CFIHOS and ISO 15926. A Working Reference on Engineering Data Handover.
How CFIHOS and ISO 15926 structure process-plant data handover. The lifecycle data model, the reference data library, why the instrument index has to conform, and why the handover register has to stay current after the plant starts up.
Hand a process plant over from the engineering contractor to the owner-operator and the hard part is rarely the steel. It is the information. The instrument index, the equipment list, the datasheets, the documents, and the web of relationships between them all have to arrive in a state the owner can use. CFIHOS and ISO 15926 are the two standards that define what a clean handover of that information looks like.
This is a working reference, not a sales pitch. If you are receiving a handover package and trying to judge whether the engineering register is fit to load and maintain, this is what the two standards actually ask for.
What CFIHOS is
CFIHOS stands for Capital Facilities Information HandOver Specification. It is an industry standard for structured, standardized information handover, developed by a working group of owner-operators, EPC contractors, suppliers, and software vendors. It began when Shell asked the standards body USPI in 2012 to turn an internal engineering information specification into an industry standard. The work ran from 2012 to 2019, and governance transferred to the International Association of Oil and Gas Producers, IOGP in 2020 as the JIP36 joint industry project. Version 1.4 was published in 2019, and CFIHOS 2.0 followed in 2025.

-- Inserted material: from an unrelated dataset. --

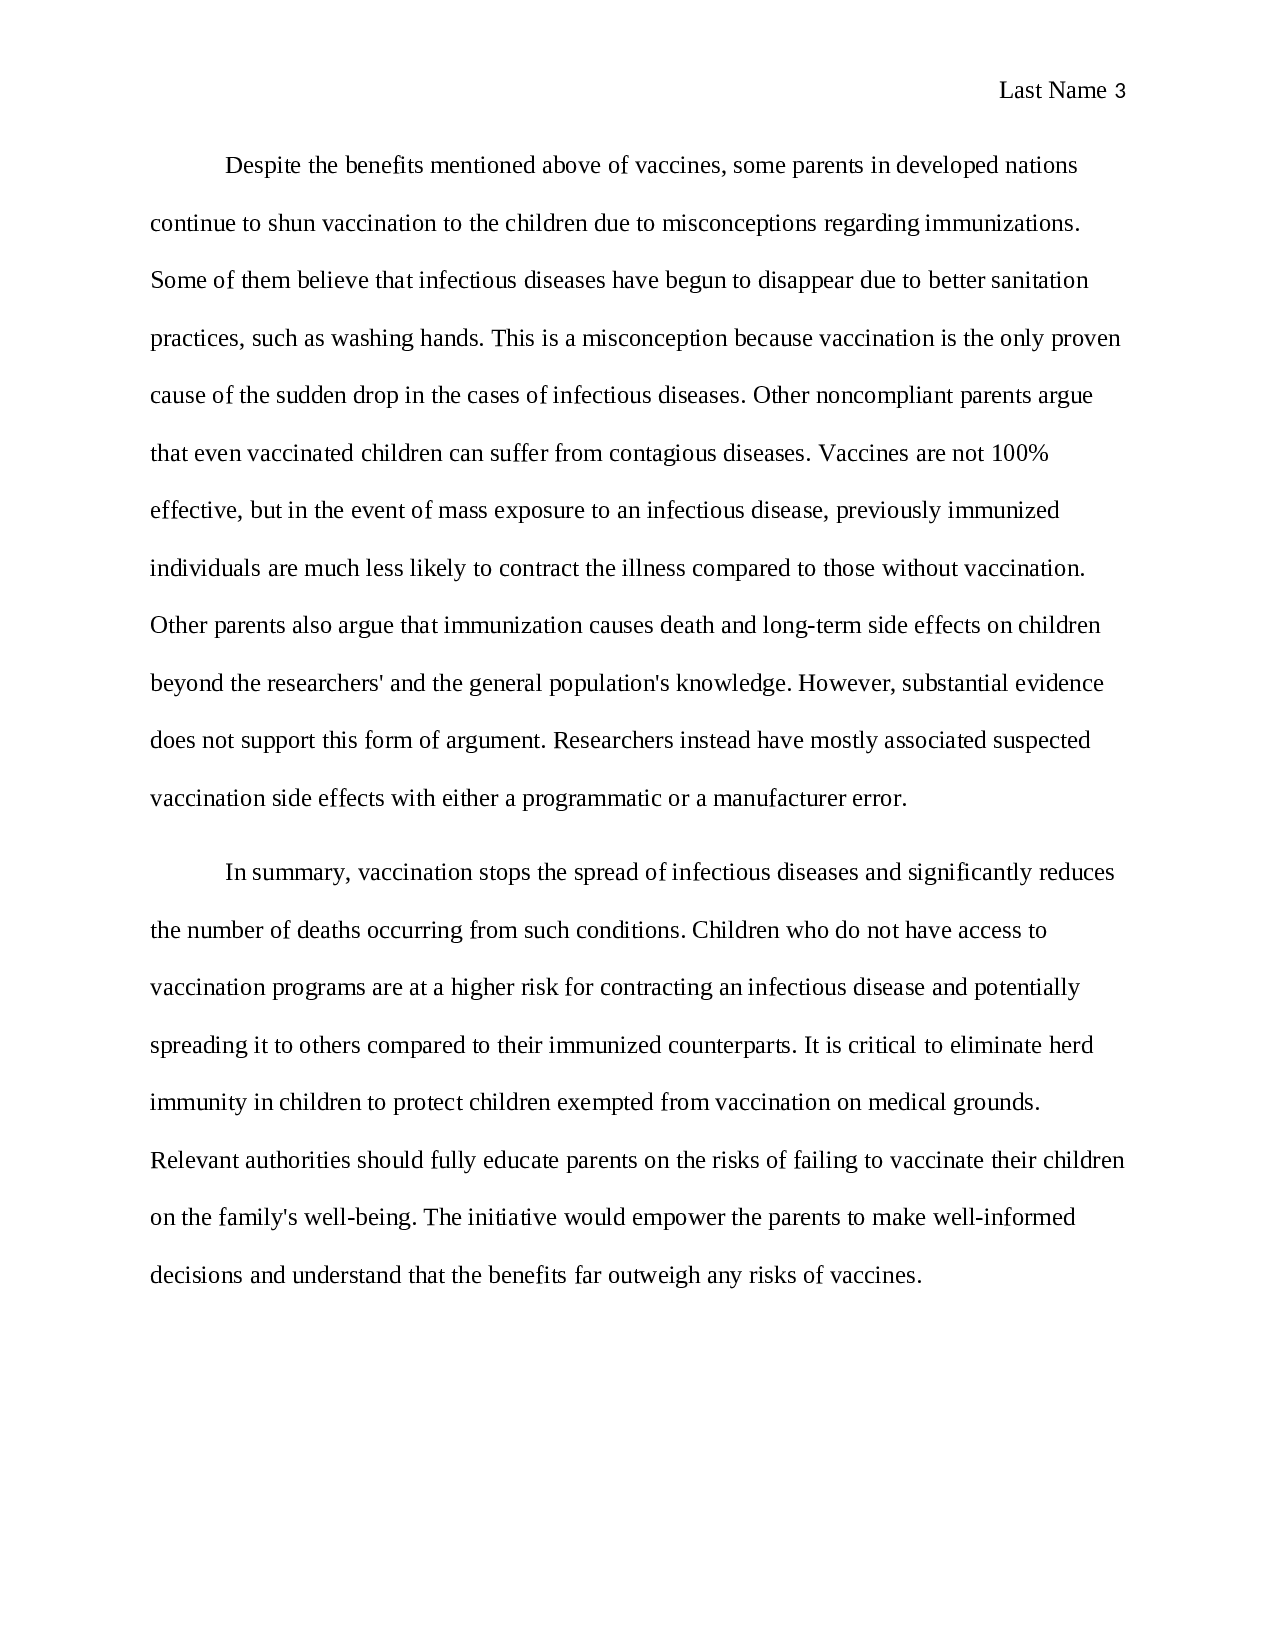 Eco friendly world essay

The standard is published as a package of documents. It includes a specification, scope and procedures, implementation guides for the principal and the contractor, a data model, a data dictionary, and a Reference Data Library, RDL in core and extended variants. The documents are openly published.
The data model is built on a small set of core entities. Tags, equipment, and model parts are the physical things. Documents, split into a document master and its revisions, are the records. Classes and properties describe what each thing is and what attributes it carries. Every tag and every piece of equipment is classified to a class drawn from the reference data library. Each class carries a defined set of properties grouped into attribute groups that resemble the sections of a datasheet.
What ISO 15926 is
ISO 15926 is the international standard for integrating life-cycle data across process plants, including oil and gas production facilities. It exists to let computer systems exchange and integrate plant data across the whole lifecycle, from design through operation to decommissioning, without losing meaning at each handoff.
Its defining idea is the separation of a generic conceptual data model from a reference data library of standard reference data. The model defines how to represent things and relationships in general. The reference data library supplies the specific classes, a centrifugal pump, a temperature transmitter, a pipeline, as standard instances. That split is what lets the standard describe an enormous range of plant objects without hardcoding every combination.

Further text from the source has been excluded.